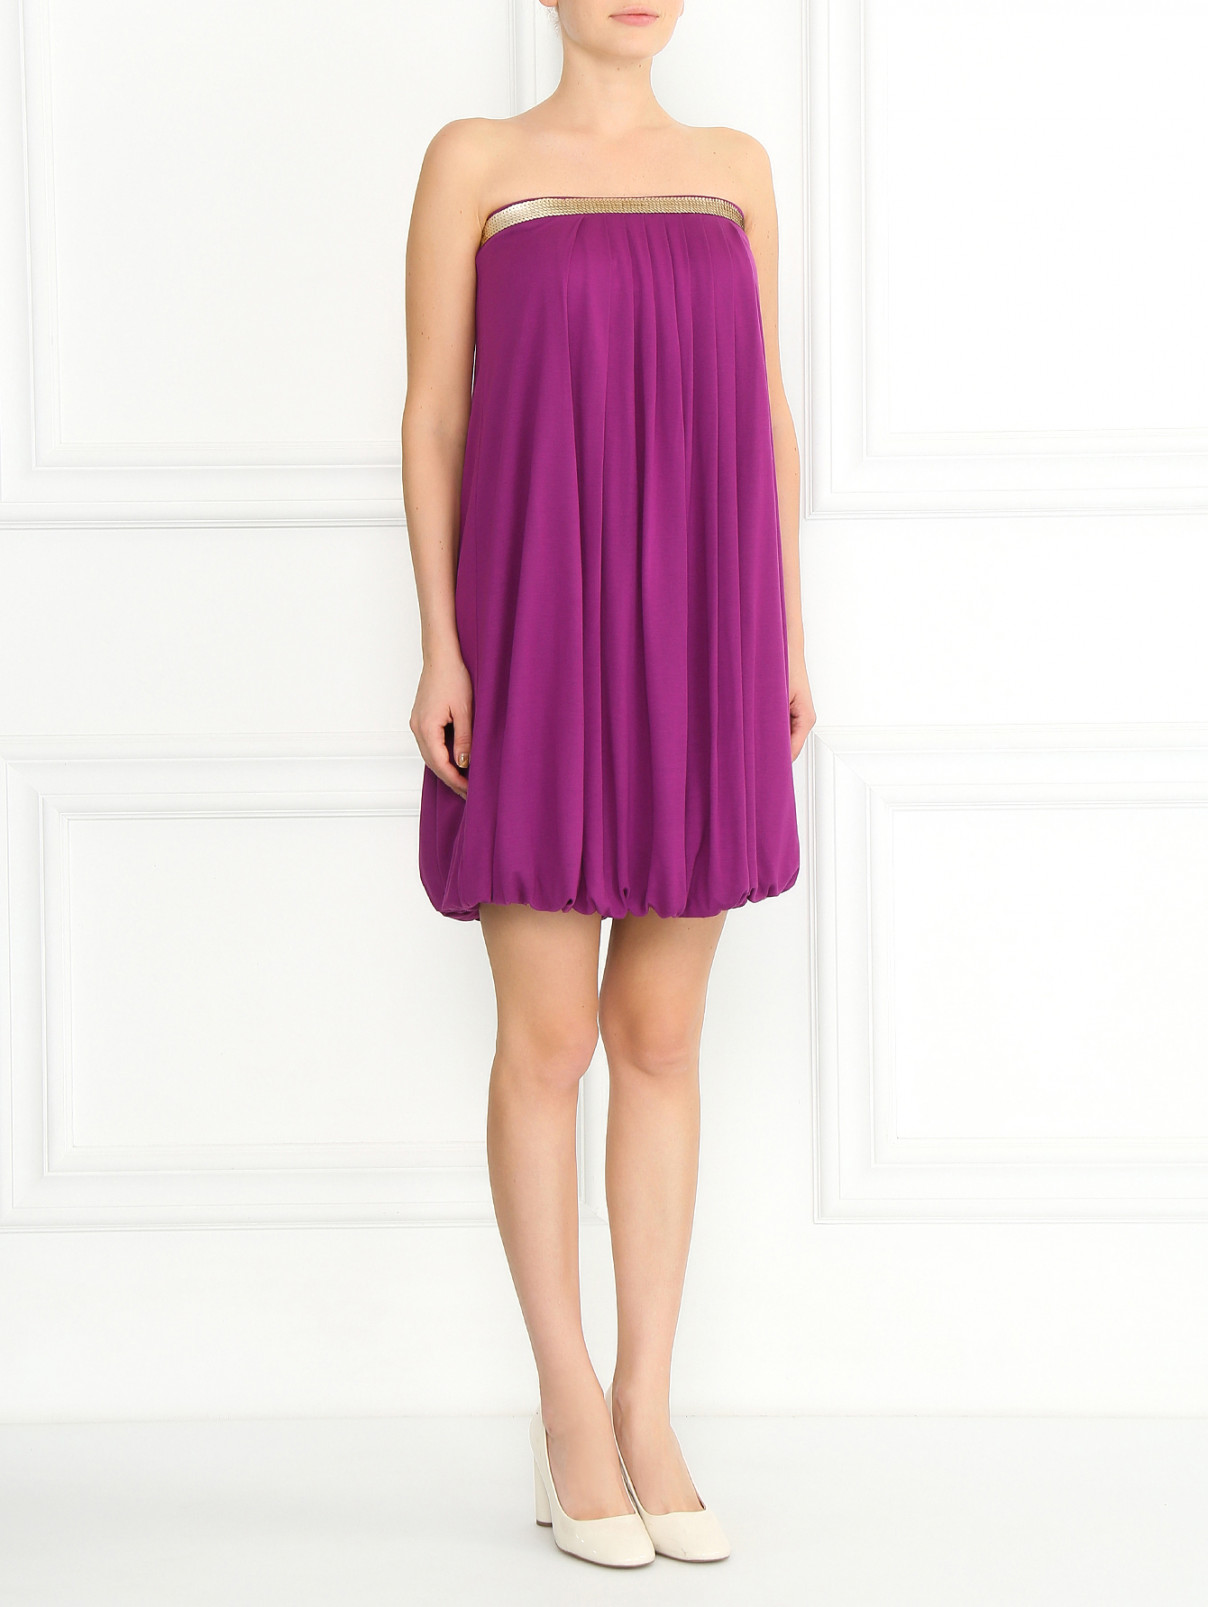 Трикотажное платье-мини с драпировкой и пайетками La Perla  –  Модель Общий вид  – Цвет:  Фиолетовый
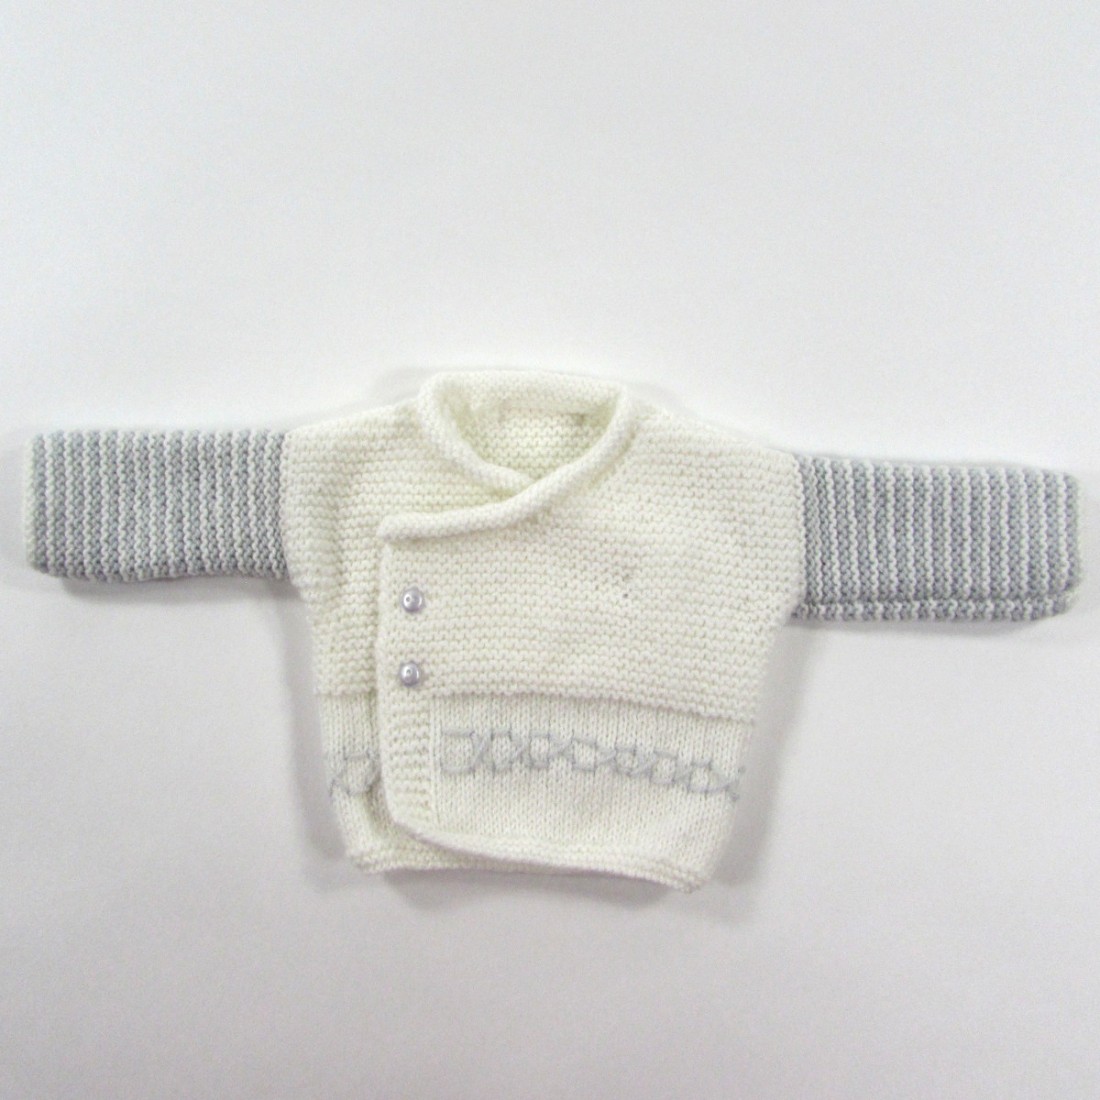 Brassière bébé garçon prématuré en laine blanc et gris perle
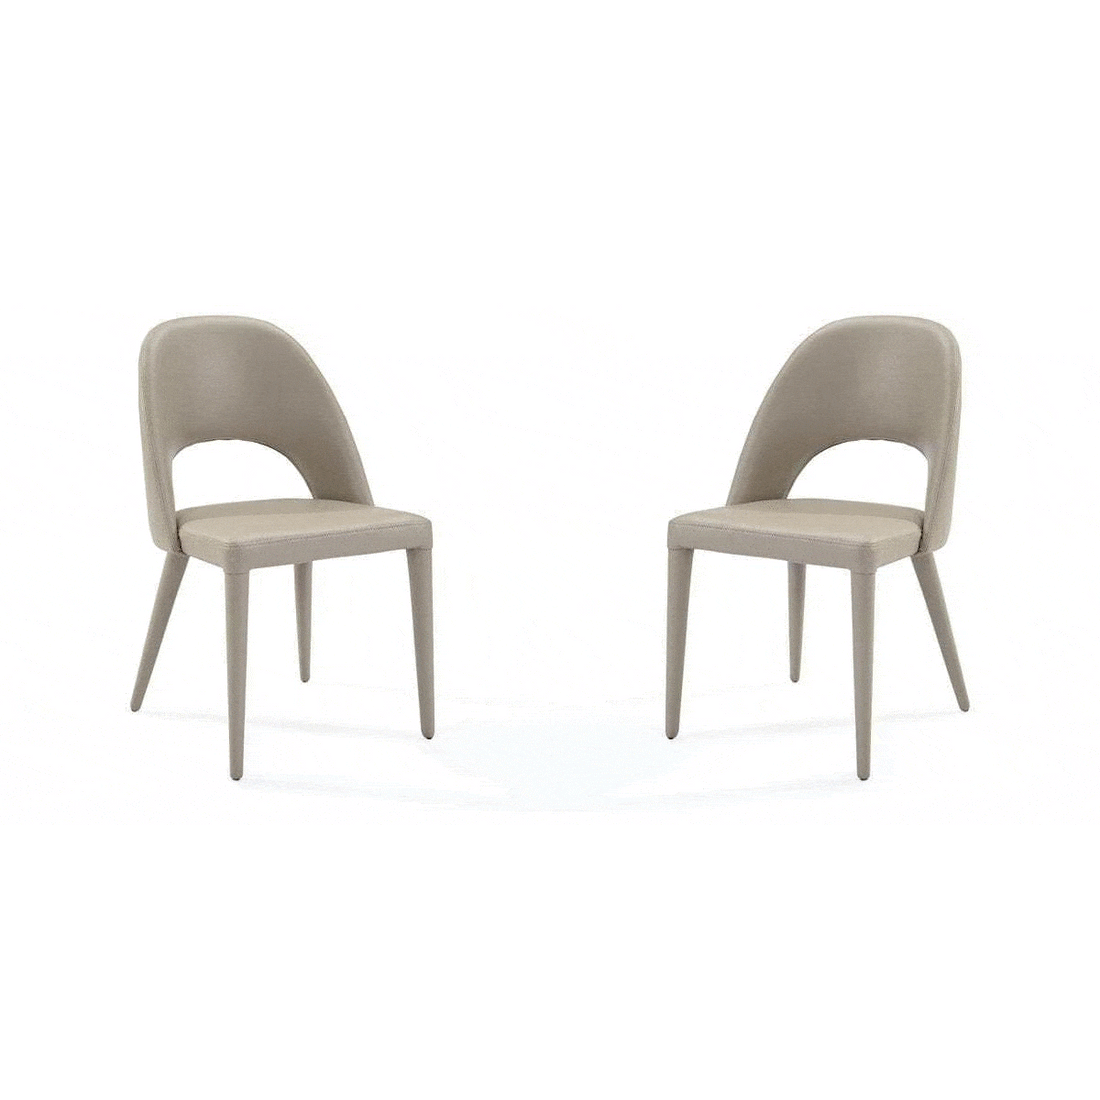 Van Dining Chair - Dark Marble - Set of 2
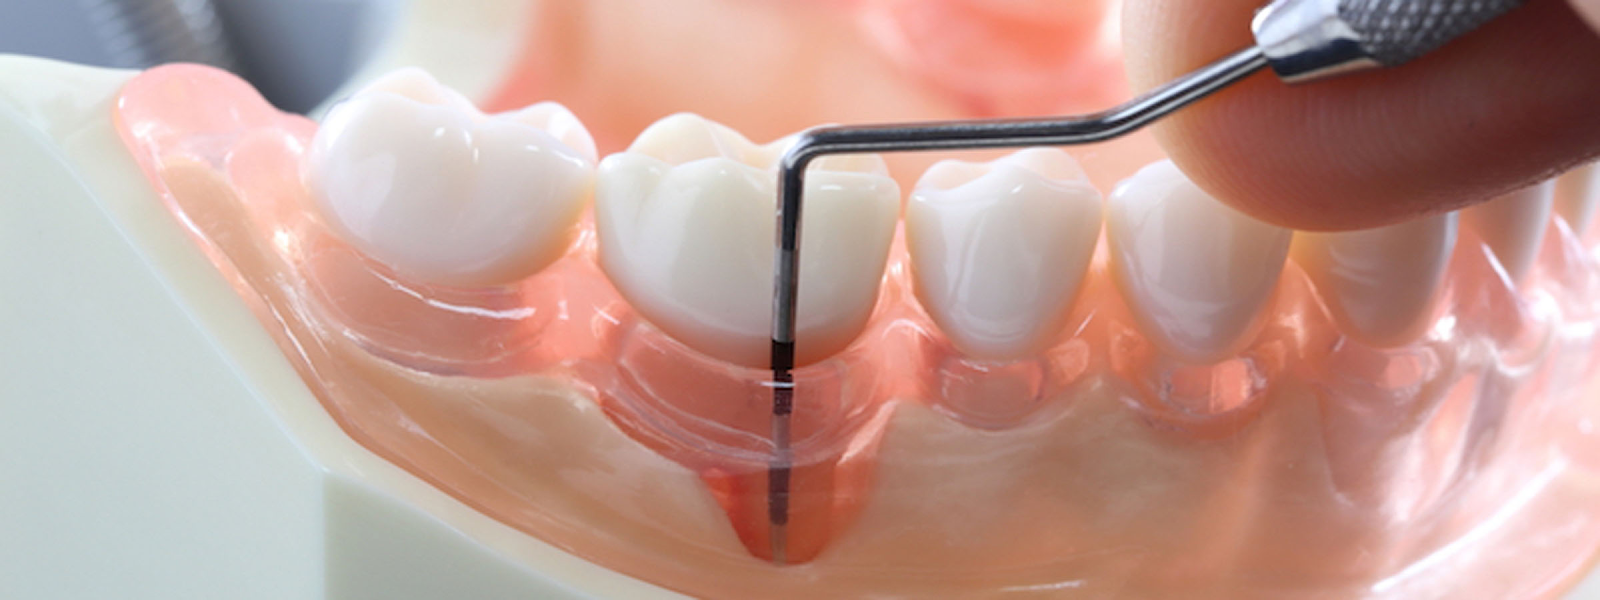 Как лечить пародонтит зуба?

_What the task requires_
Starting with the line that holds "Van Dining Chair - Dark Marble - Set of 2", reproduce exactly each line up to and including the last line of the material above, and drop the pictures.

_Written answer_
 Van Dining Chair - Dark Marble - Set of 2
 Как лечить пародонтит зуба?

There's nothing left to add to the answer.